Exactly the lines below from the line with "Discover the Best" through the line with "US embassy, five" must make up the answer, both ends included and pictures left out.
##### INFORMATION GIVEN #####
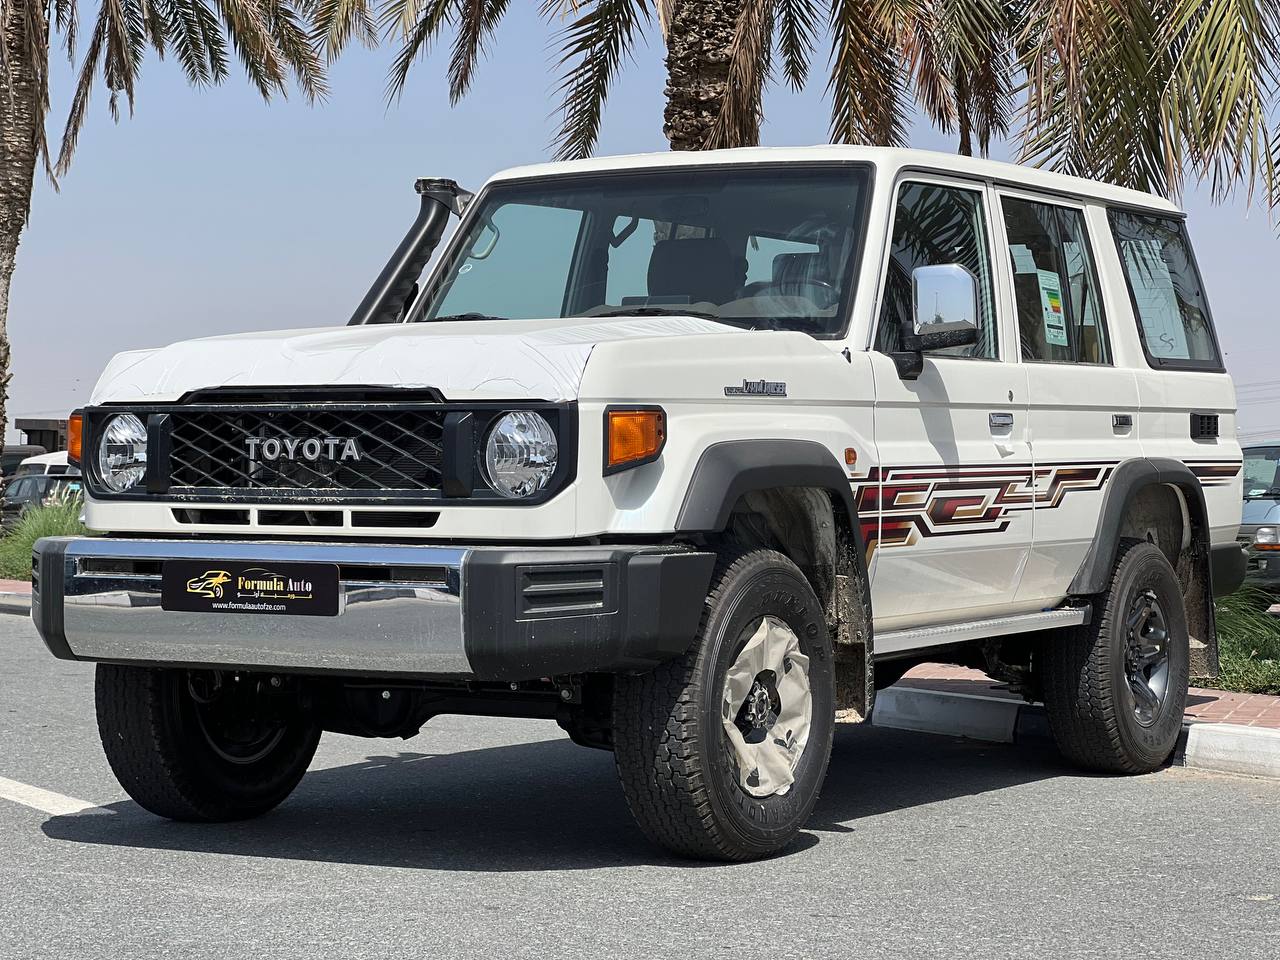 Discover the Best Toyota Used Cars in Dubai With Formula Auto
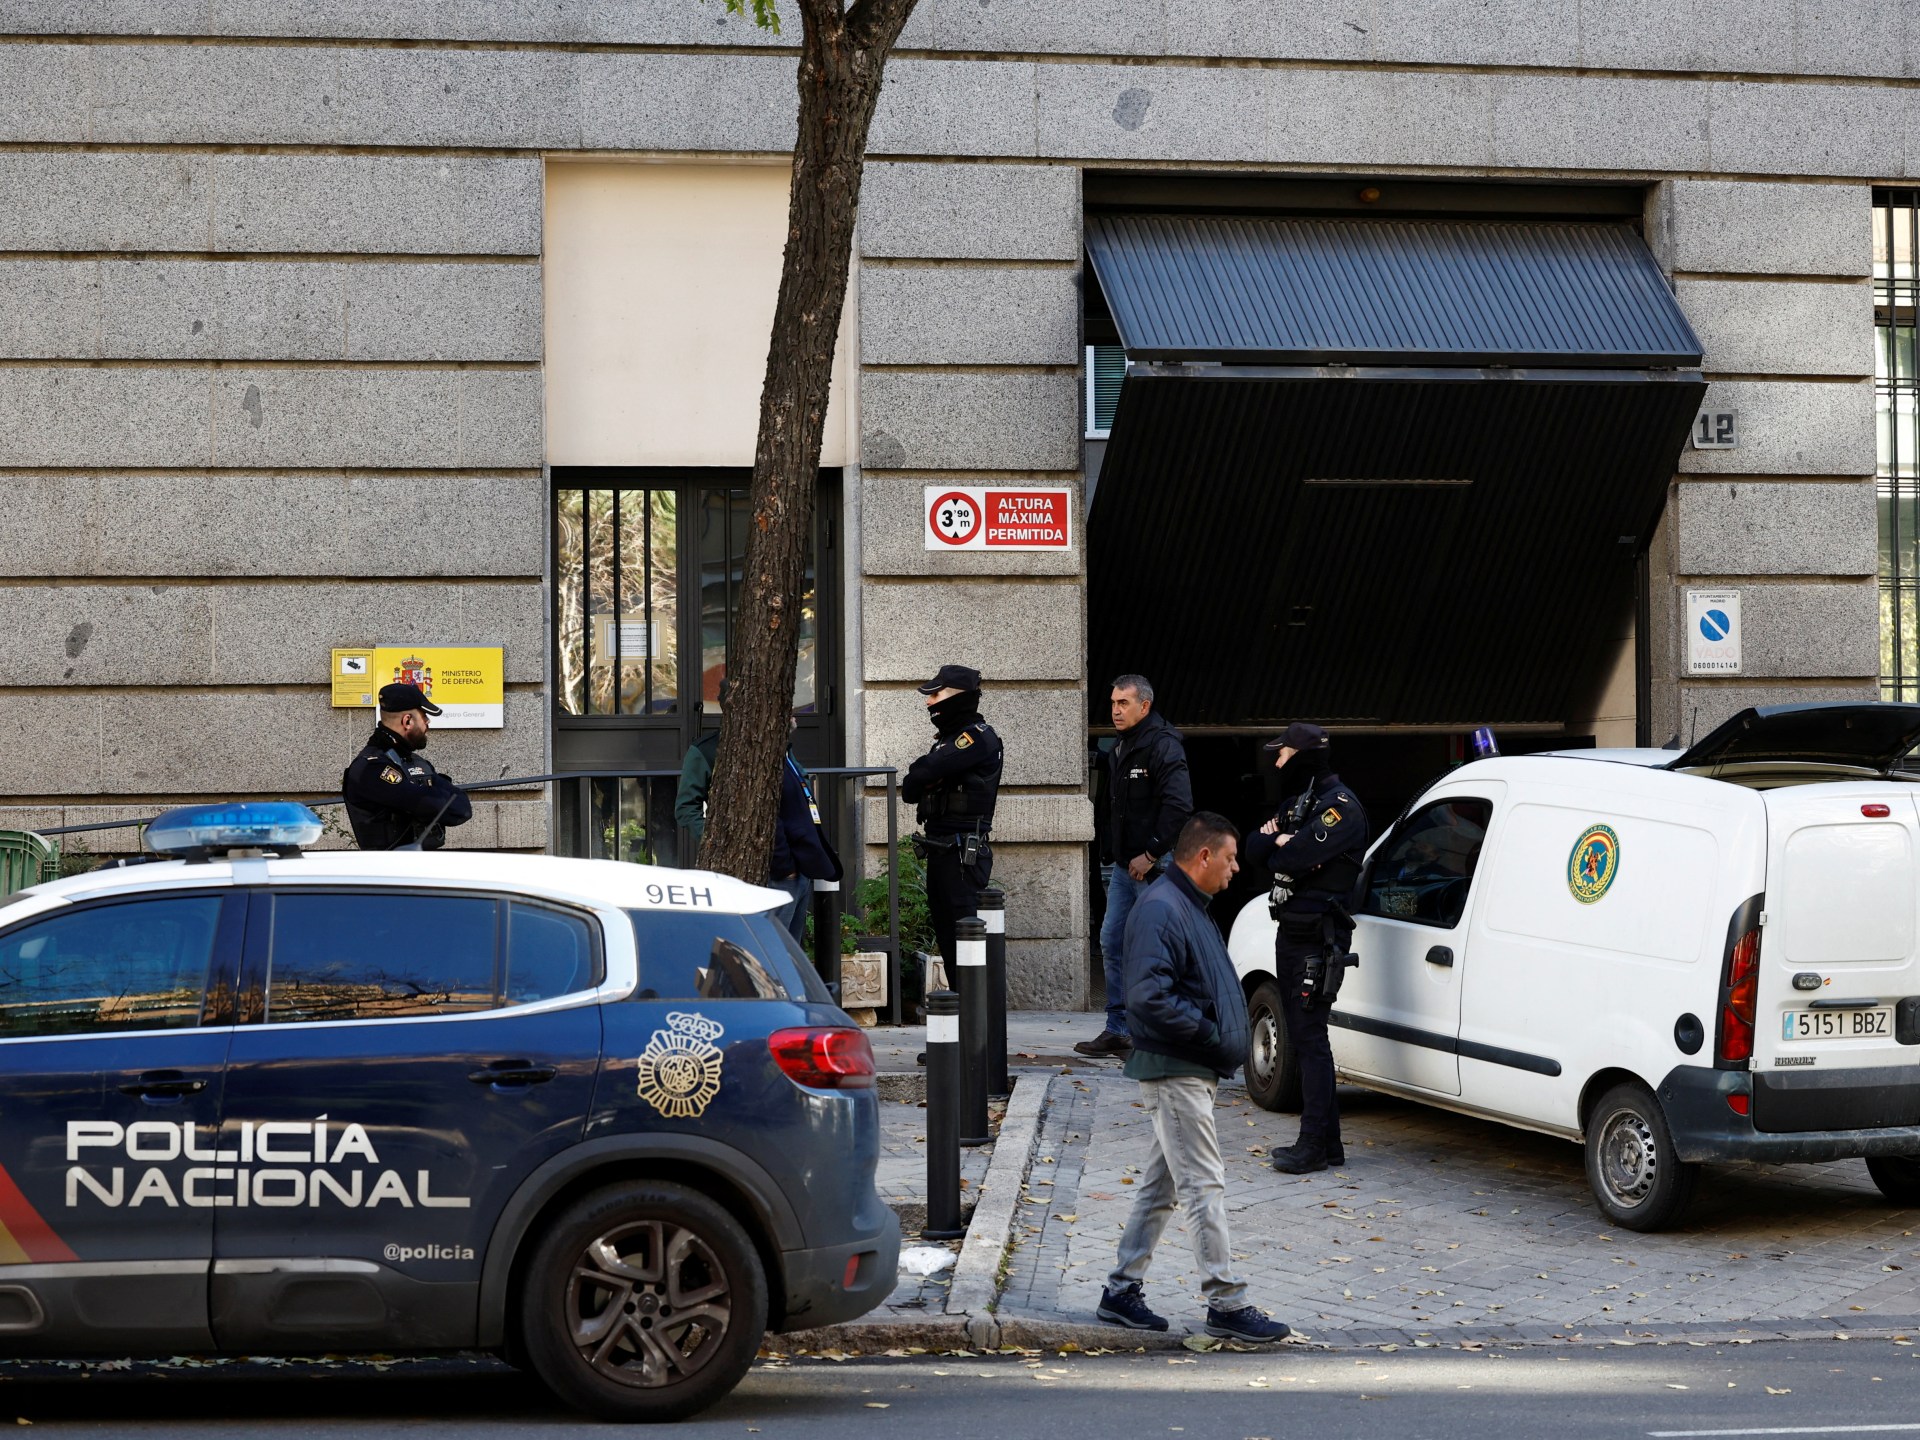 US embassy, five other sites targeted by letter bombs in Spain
#####
##### INFORMATION GIVEN #####
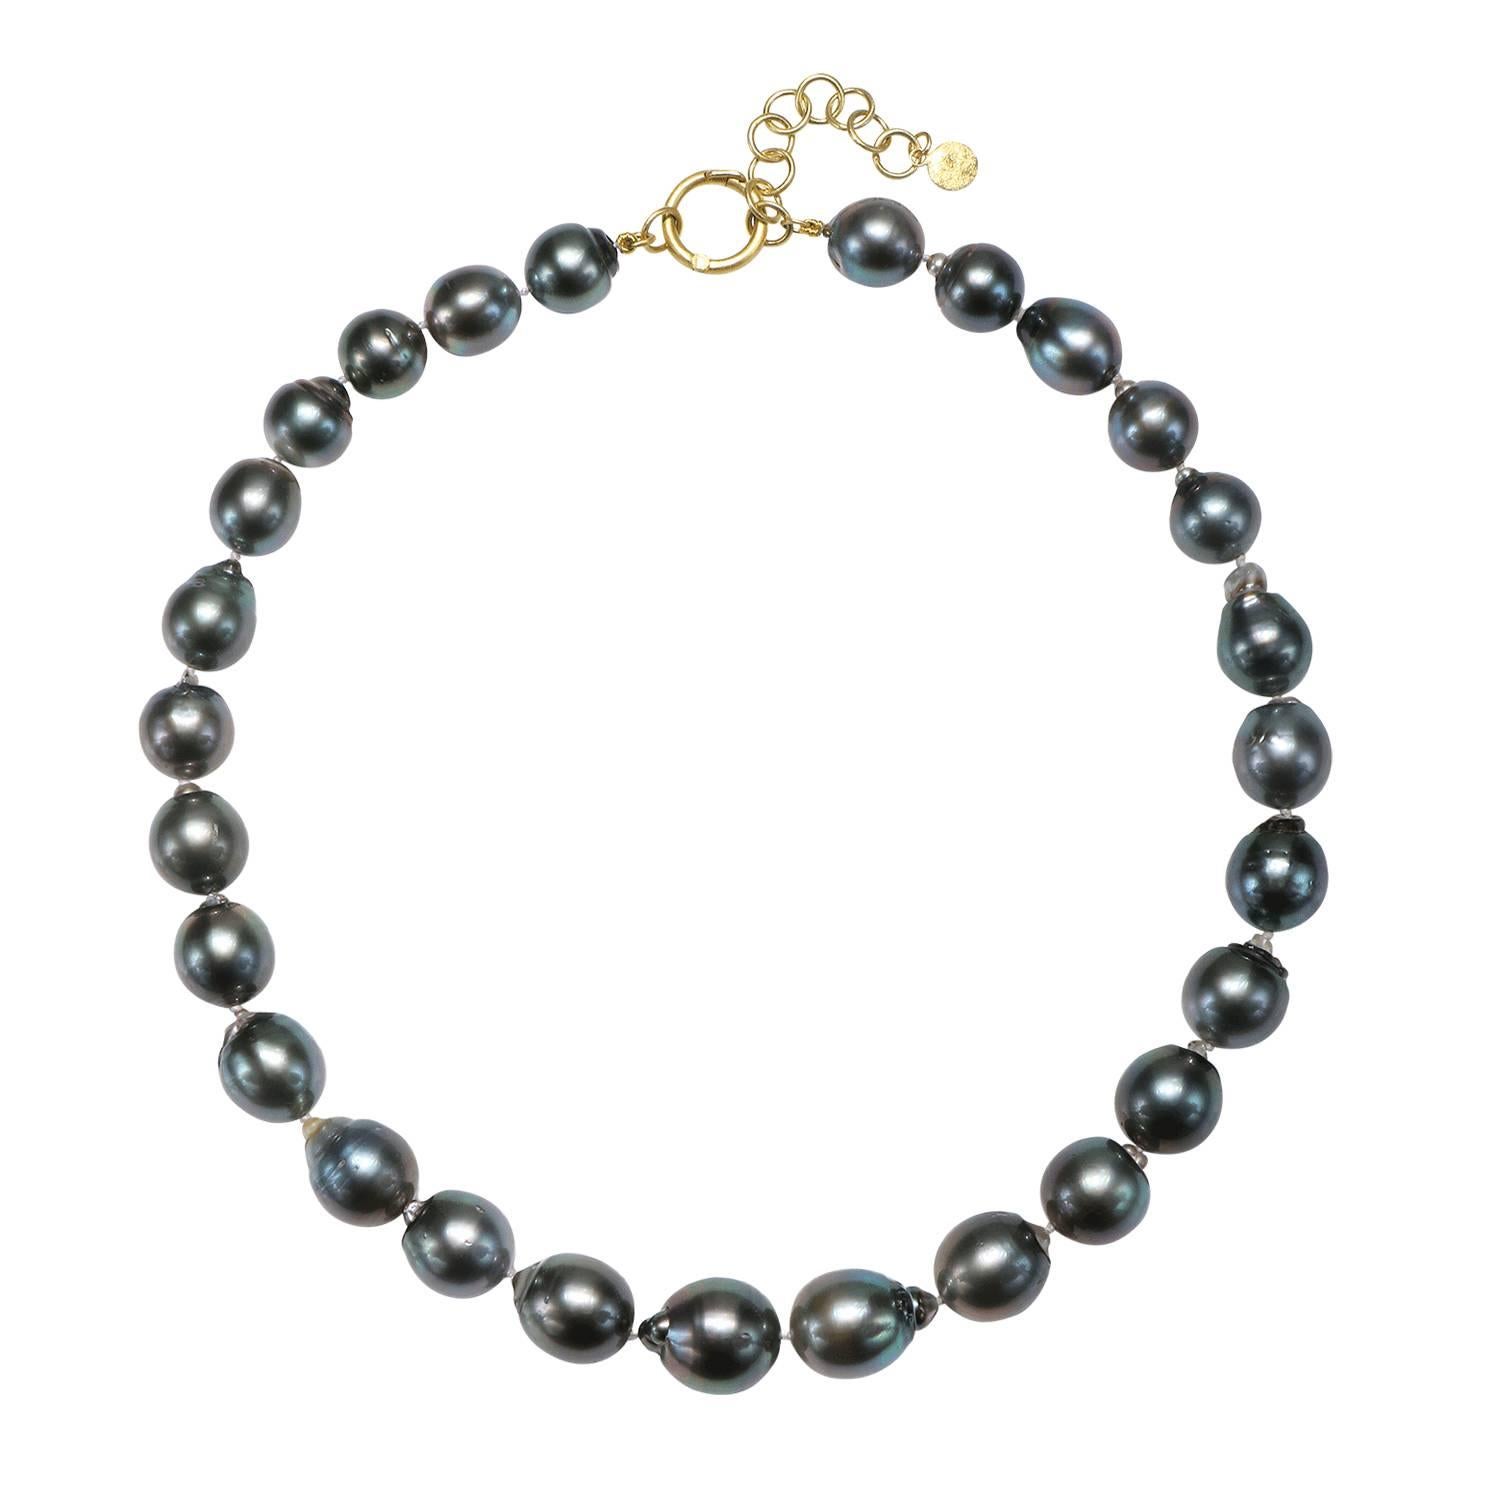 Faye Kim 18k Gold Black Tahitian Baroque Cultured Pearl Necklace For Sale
#####
_RESULT OF THE TASK_
 Discover the Best Toyota Used Cars in Dubai With Formula Auto
 US embassy, five other sites targeted by letter bombs in Spain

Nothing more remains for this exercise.